▶ [YOUR GOAL]
Below are entries; copy exactly the lines from the one with "Abstrakter Hintergrund mit" through the one with "Buy Live Unlimited", both included, and leave out the rest.

▶ [INPUT RECORDS]
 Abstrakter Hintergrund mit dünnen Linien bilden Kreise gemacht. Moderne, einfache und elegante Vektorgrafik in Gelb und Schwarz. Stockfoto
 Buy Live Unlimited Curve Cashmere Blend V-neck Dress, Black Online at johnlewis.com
* * *
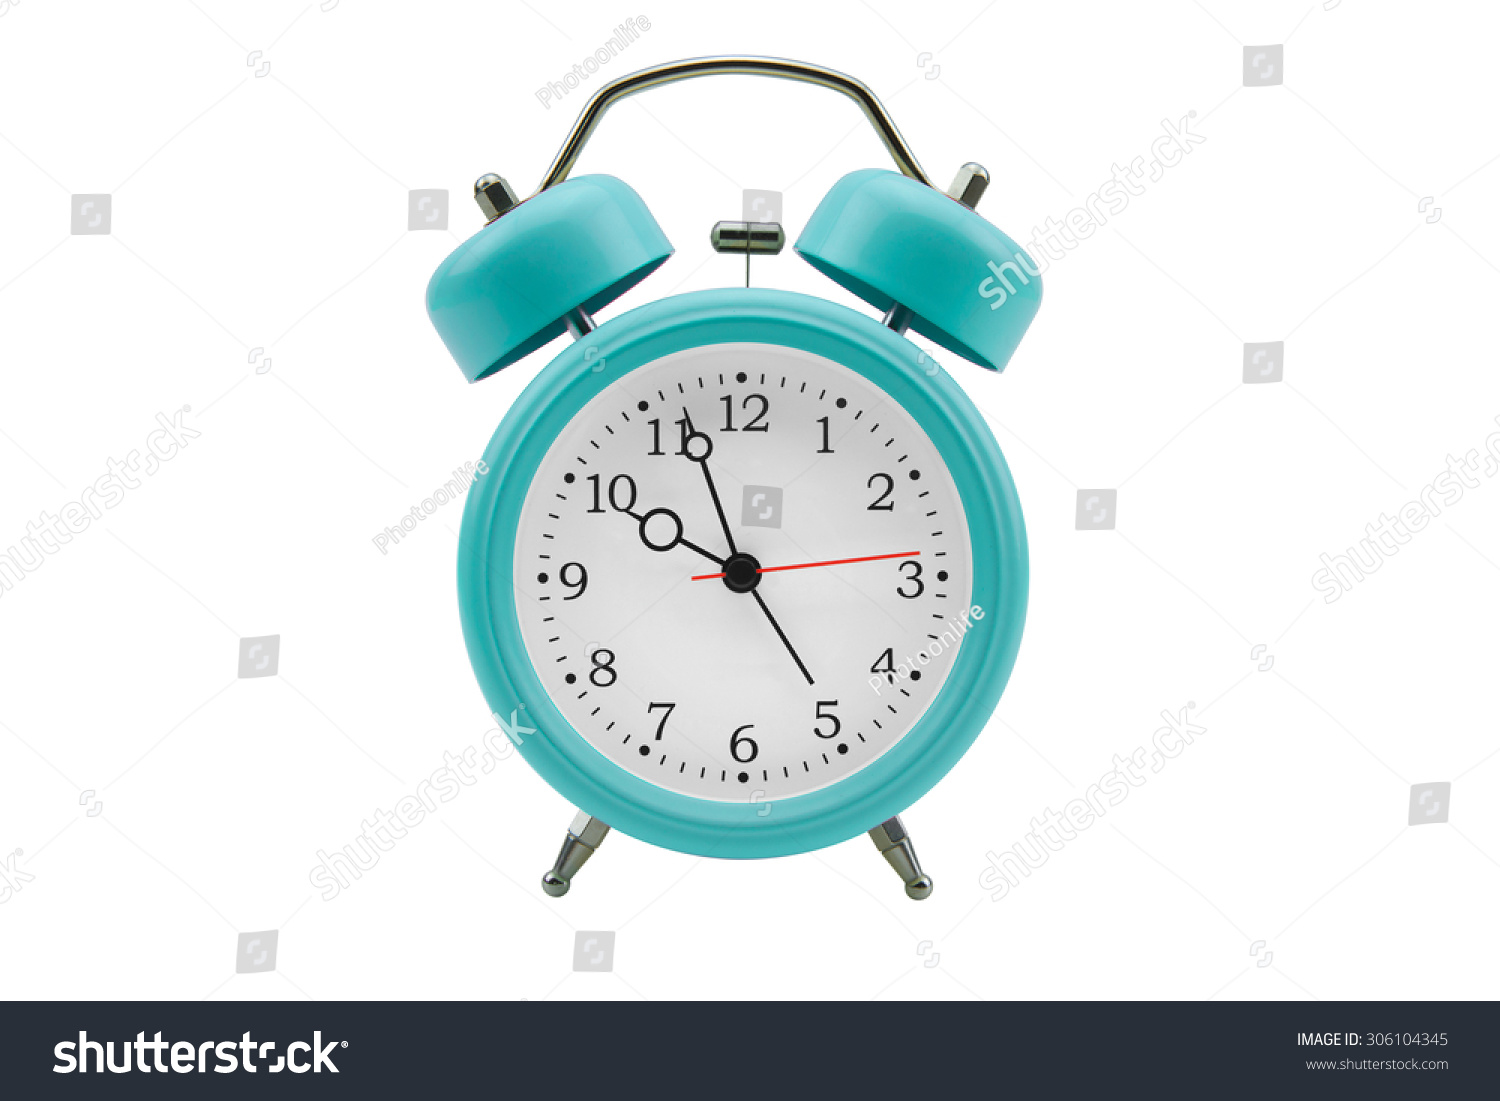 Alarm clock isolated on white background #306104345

▶ [REPLY]
 Abstrakter Hintergrund mit dünnen Linien bilden Kreise gemacht. Moderne, einfache und elegante Vektorgrafik in Gelb und Schwarz. Stockfoto
 Buy Live Unlimited Curve Cashmere Blend V-neck Dress, Black Online at johnlewis.com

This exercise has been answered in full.